Exercise prompt: Only the lines from the one holding "ethernet terminal" to the end of the data should be echoed, exactly as they appear, minus the pictures.

Raw data:
####################

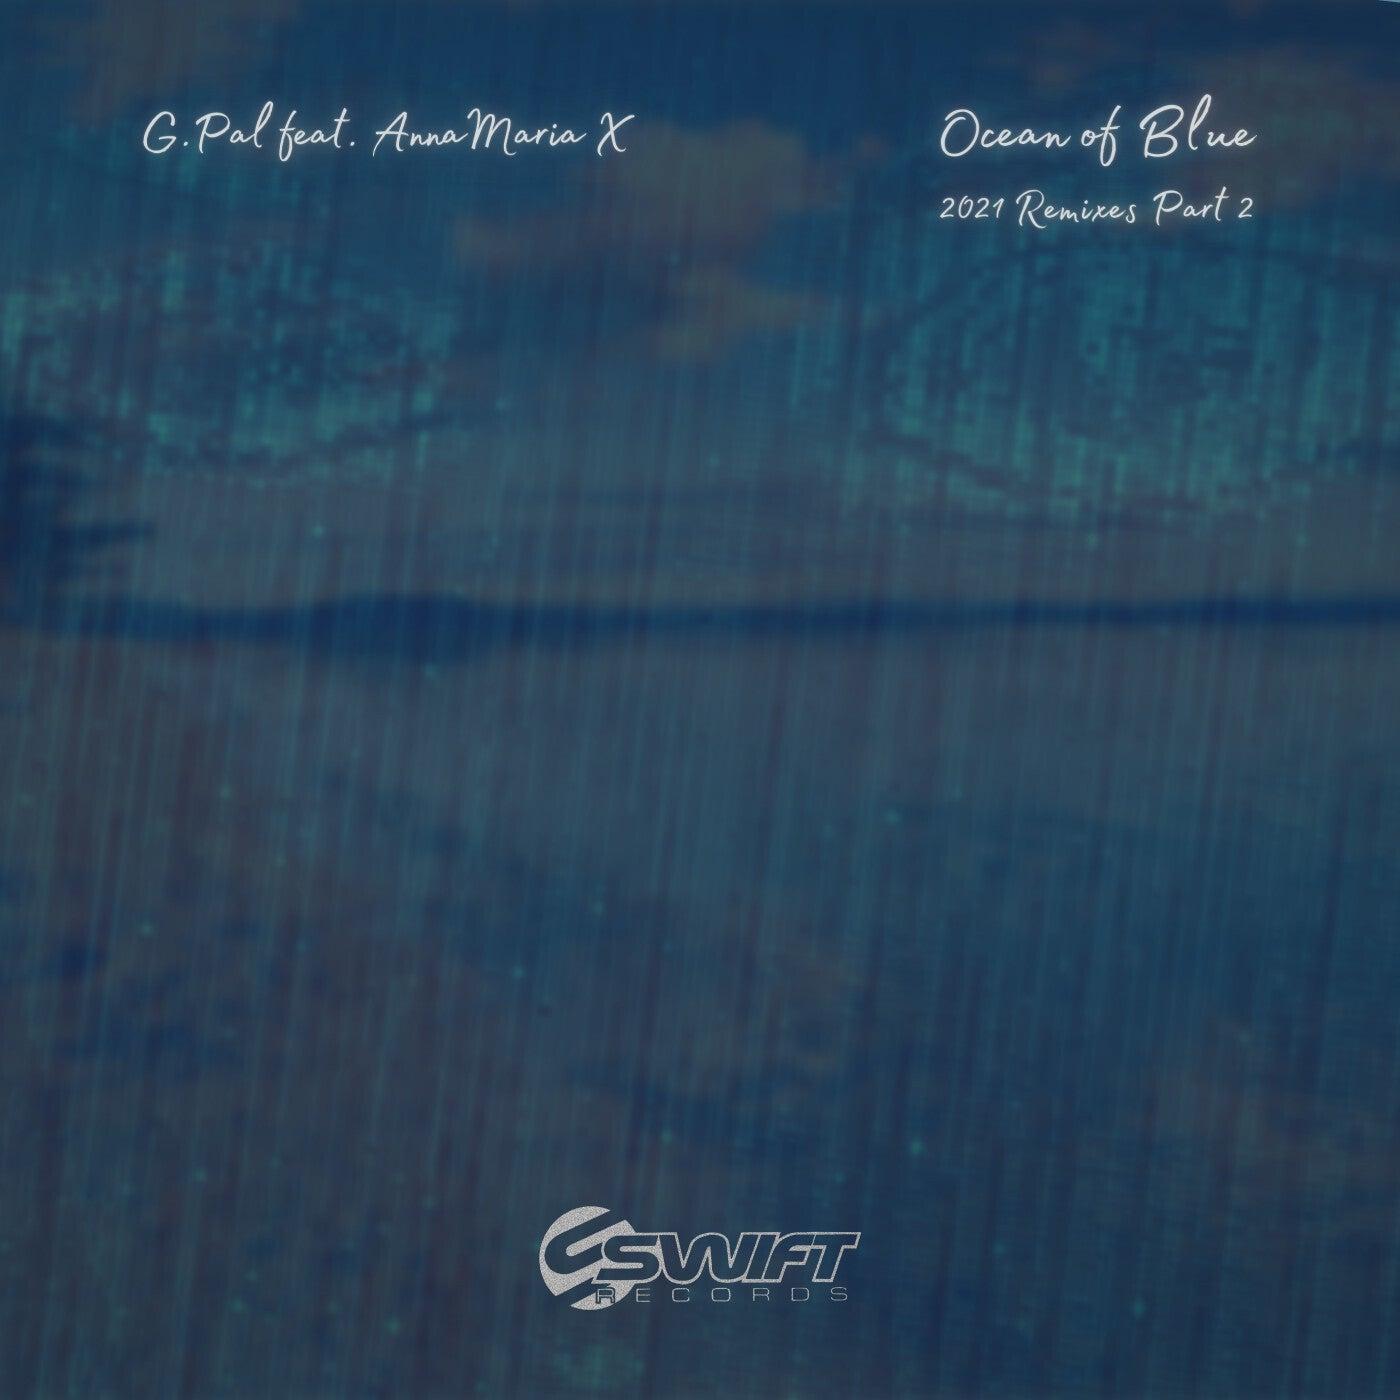 Ocean Of Blue (Alexandros Djkevingr & Greg Ignatovich Remix)
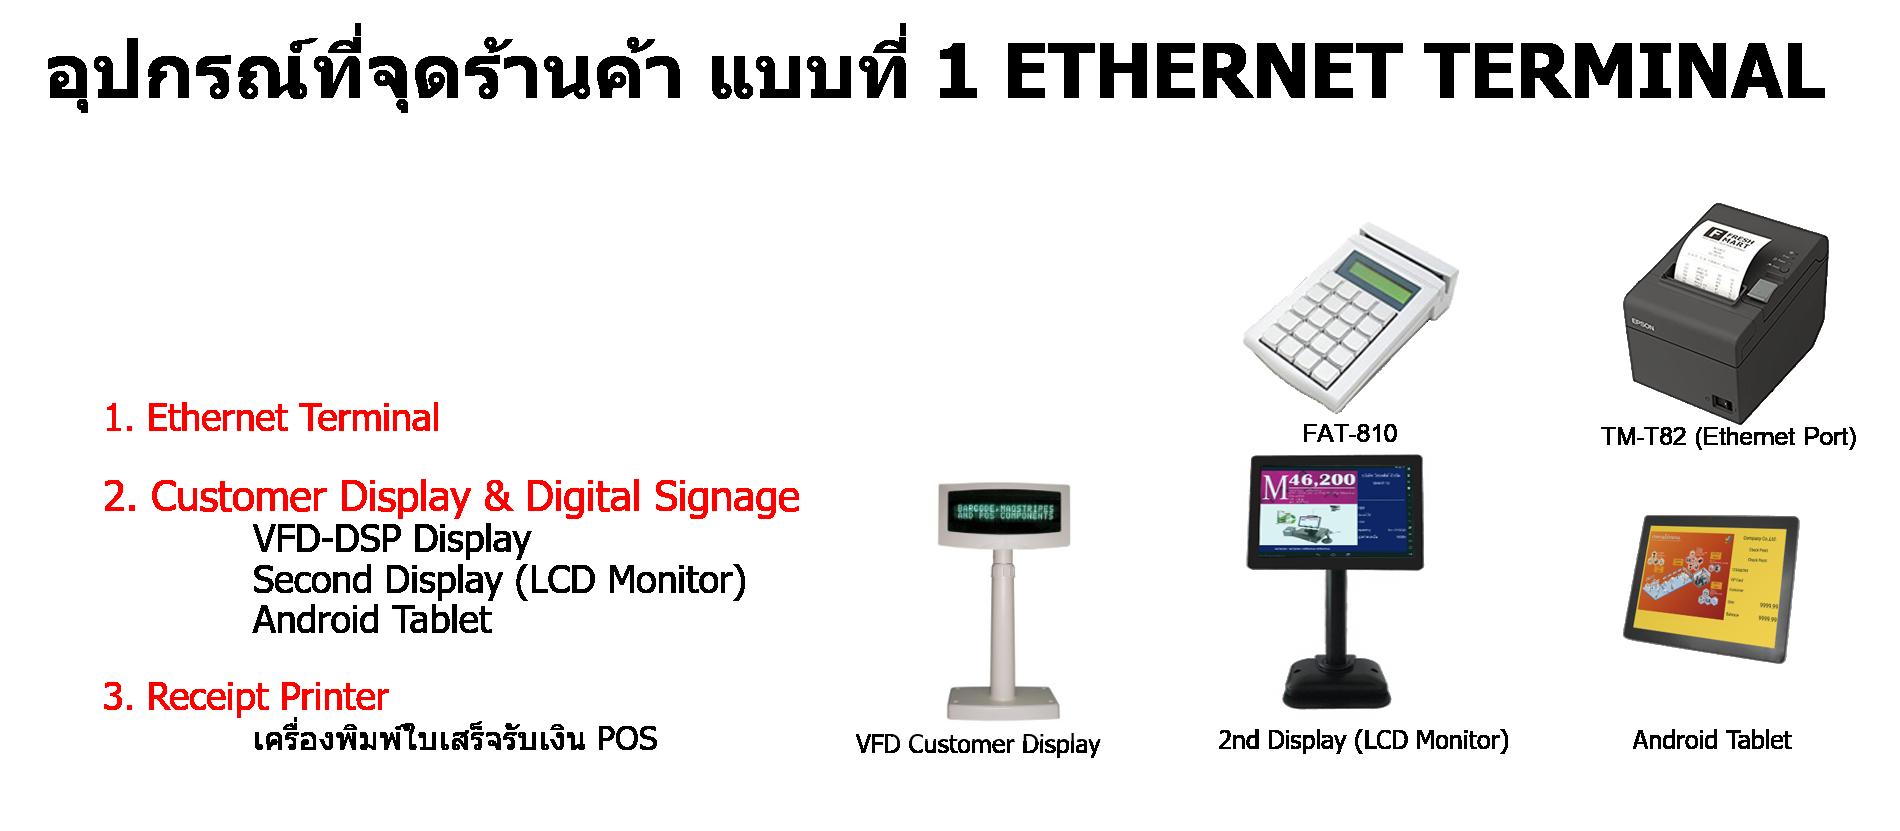 ethernet terminal
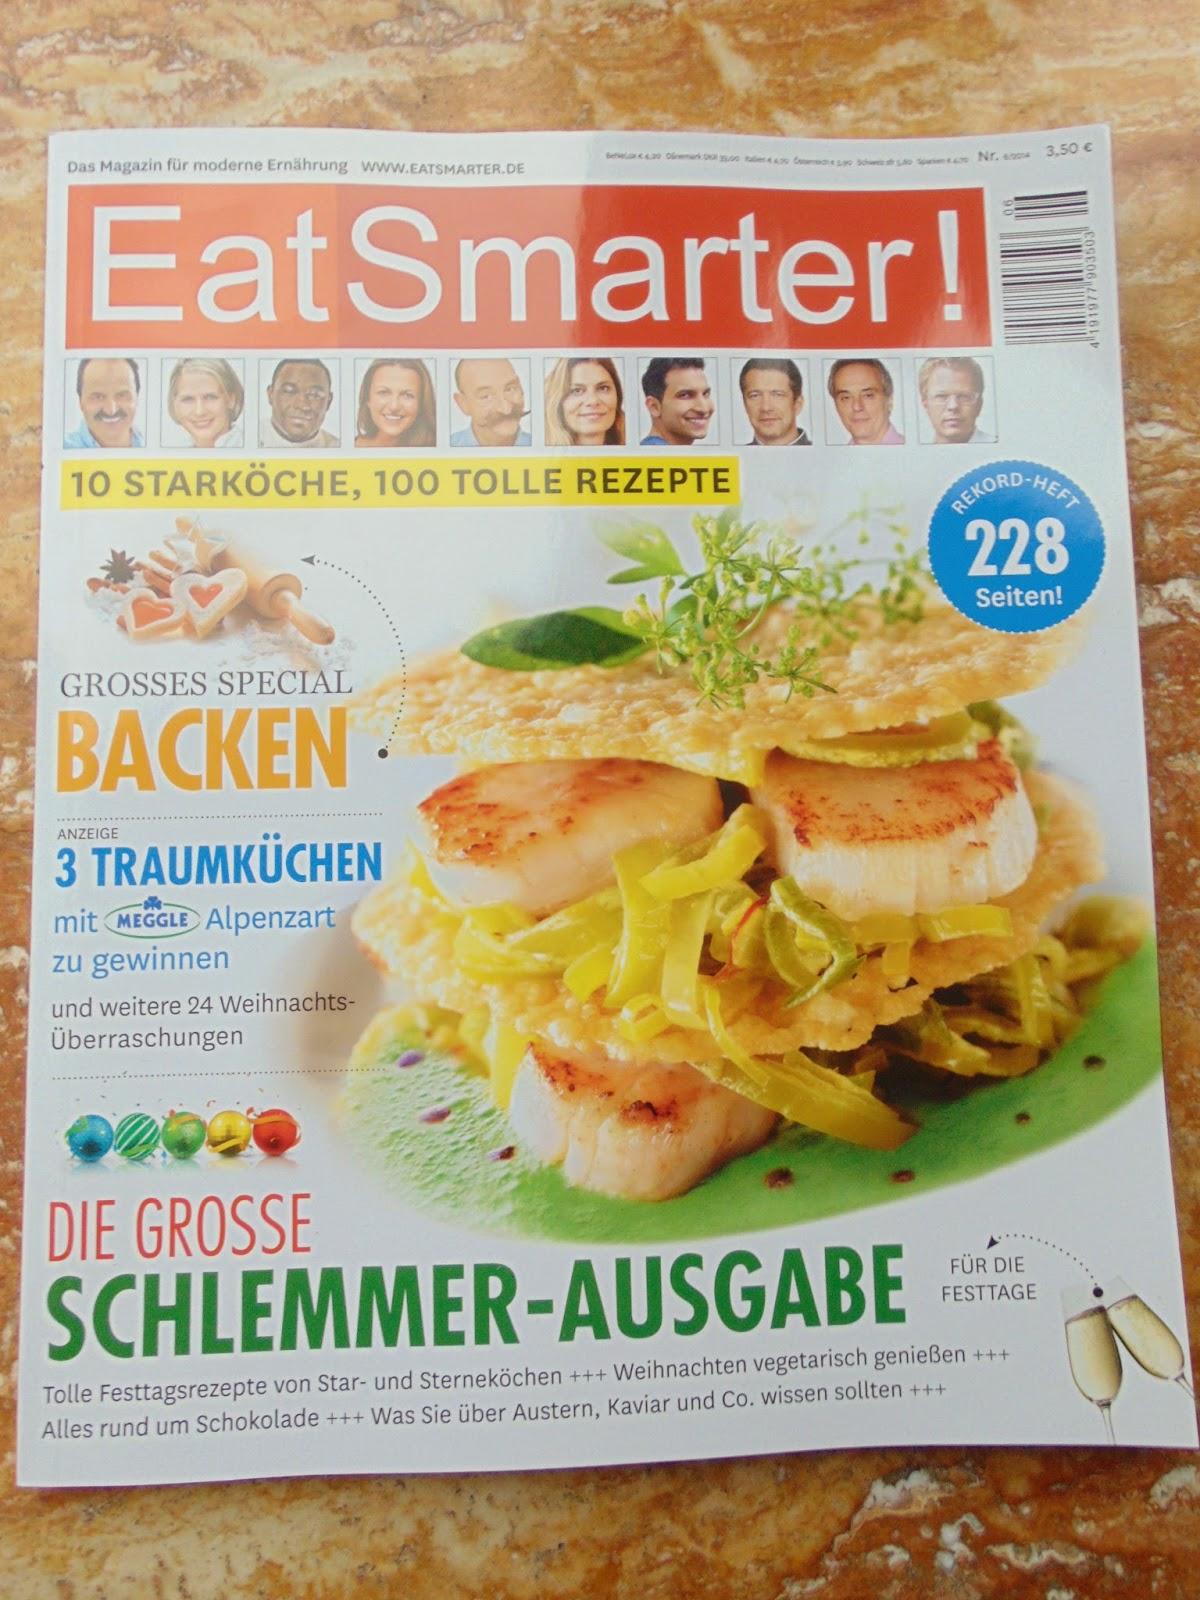 Eat Smarter - www.annitschkasblog.de

####################

Answer to the problem:
 ethernet terminal
 Eat Smarter - www.annitschkasblog.de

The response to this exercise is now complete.